(Found) Machine that vacuums adjectives and adverbs from a paragraph

fcsr37

New Member
Joined
Feb 6, 2021
Messages
4
Looking for a short story from the 1960s (I think), a guy's uncle wrote a fishing column for the newspaper, too flowery, too long. Someone gives him a machine that vacuums the adjectives out of the text; became a great column. You could adjust it -- just vacuum the big adjectives, etc. Machine needs to be emptied and the adjectives drift into a conversation. They look like little pieces of colored cellophane, floating in the air. Hilarious and I've searched everywhere for it. I think it was in one of those anthologies like "best science fiction" (?)
 
Well, the drifting cellophane words don't match the story on a similar theme, "The Language Clarifier" by Paul J. Nahin, but that is such an arresting (by the feds, ha) story that if it doesn't help your search by eliminating stories, or by finding similar themes, that you will nevertheless always be glad that you read it.
 
Great story, thanks! "Toss you in the slammer and throw away the key", if only computers would talk like that, maybe we could understand them. It's not the one I was thinking of but I enjoyed it! Thanks,
Mark
 
Don’t know this one, but I wish it was a reality - posting a link to it in “Critiques” would have saved a whole load of time and trouble over the years...
 
Is it "Cousin Len's Wonderful Adjective Cellar" by Jack Finney?
Oh nice find, that seems to match very well with the OP's question!

 
This sounds like the adverts for Grammerly I get every time I open Youtube.
 
Don Watson’s book on Weasel Words would be a good follow-up book to read ;-)
 
I am grateful to this answer, because I think I found the Cousin Lem's story through this page.

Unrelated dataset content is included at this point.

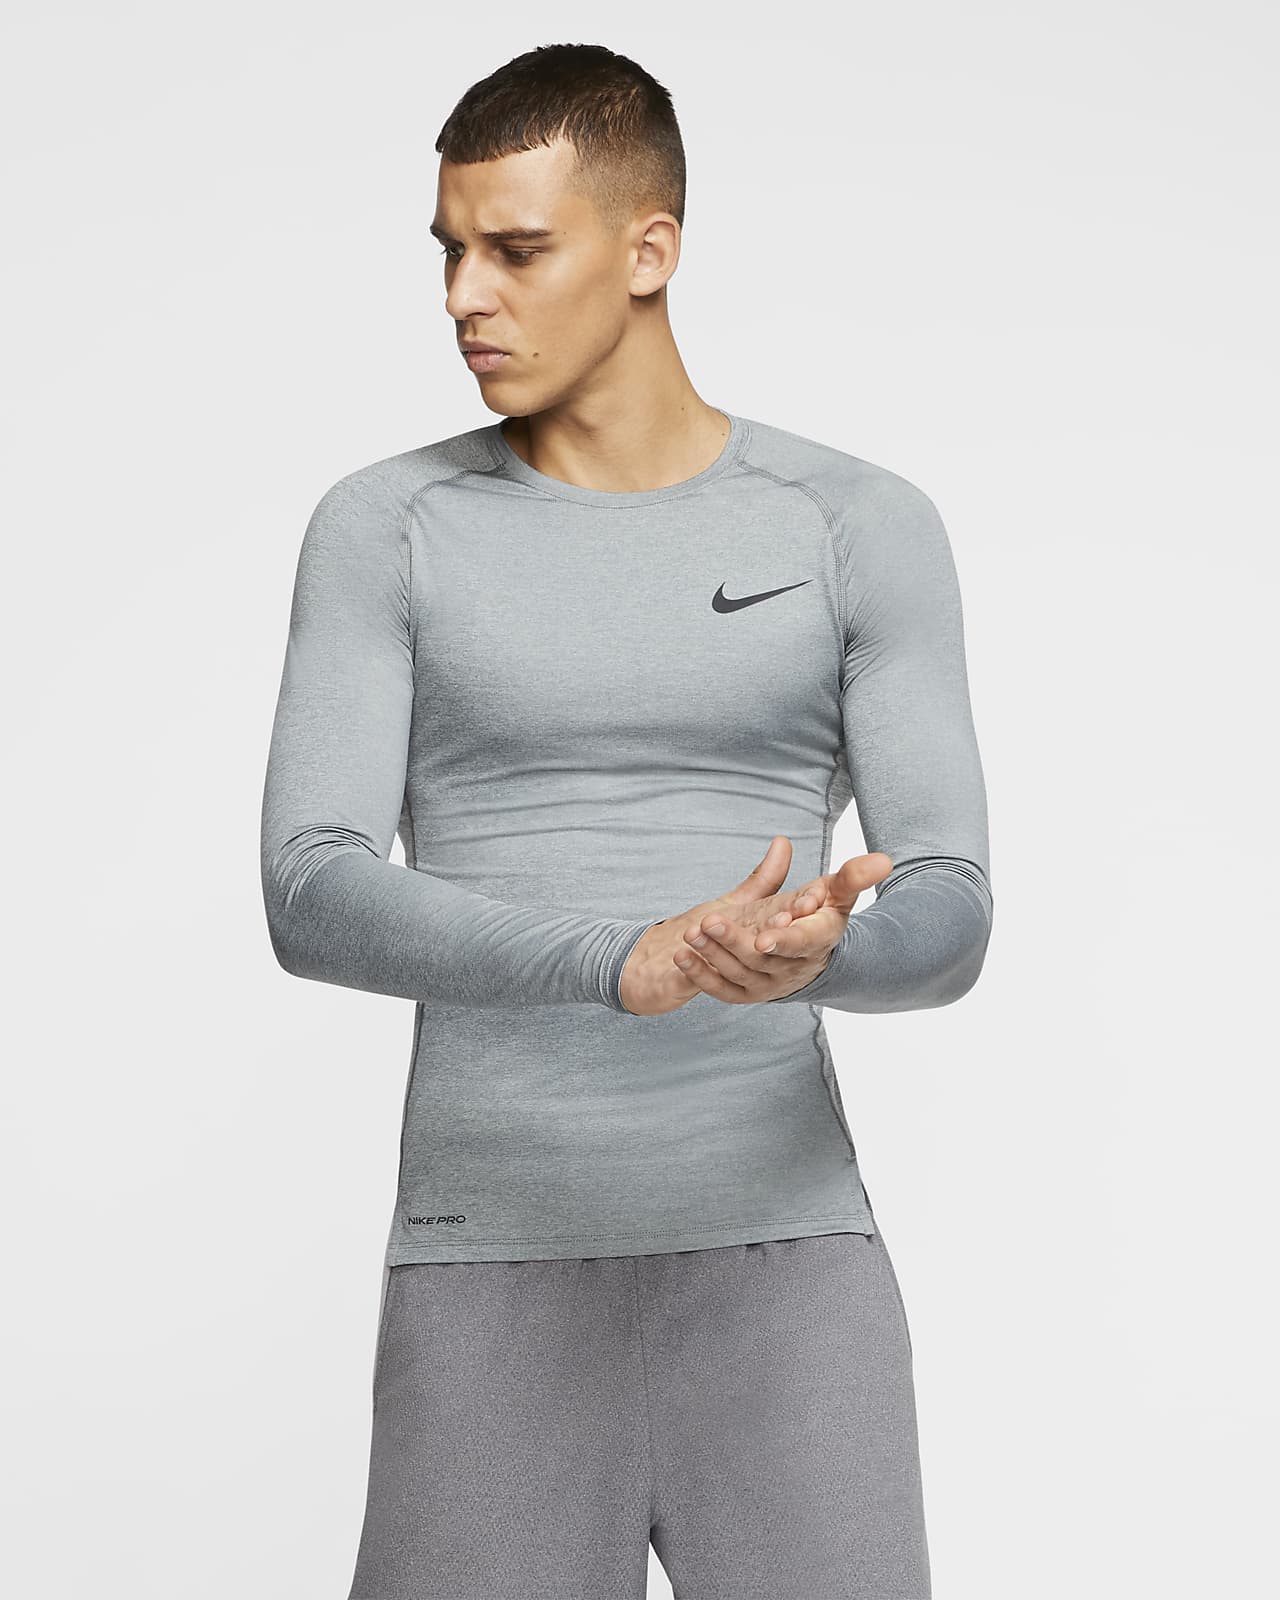 Tight-Fit Long-Sleeve Top. Nike LU

I've already prized The Language Clarifier for years. (Lost it and took me more years to find it.)
Any other SF stories on this theme of semantics, words, meanings are appreciated.

There are great stories about having to figure out a way to communicate with really *alien* aliens, as opposed to Star Trek aliens who look like people with different noses.

But this... genre?... type?.... theme that addresses our most treasured illusions in communication is fun.
 
I always thought it was more of a fantasy story that gets grouped with sci-fi because there is a machine of sorts involved.
 
I always thought it was more of a fantasy story that gets grouped with sci-fi because there is a machine of sorts involved.
In 1959 I'm not sure if people generally distinguished between sci-fi and fantasy. However, I realize now that I first saw it in an anthology of Jack Finney stories, called "The Third Level". Most of them really are SF but I guess this one was tossed in as well. Perhaps Finney felt it should have a wider exposure than in the Lady's Home Journal, where it was apparently published originally, definitely not a world-class sci-fi journal.

I'm sure that I once owned the paperback: it had some great Dali-type art on the cover


which is why I probably found it in the first place, perhaps at a second hand paperback bookstore that I used to haunt when I was about 12 years old. It was probably hiding in the rows of ACE double novels. It must have been thrown out, when I left home, along with my (now precious) collection of Superman and Uncle Scrooge comics. These lost comics are considered valuable now, only because everybody's parents threw them out when they left home.

I really like the image of these tiny pieces of transparent cellophane with words printed on them, drifting through the air and melting when they hit the sidewalk.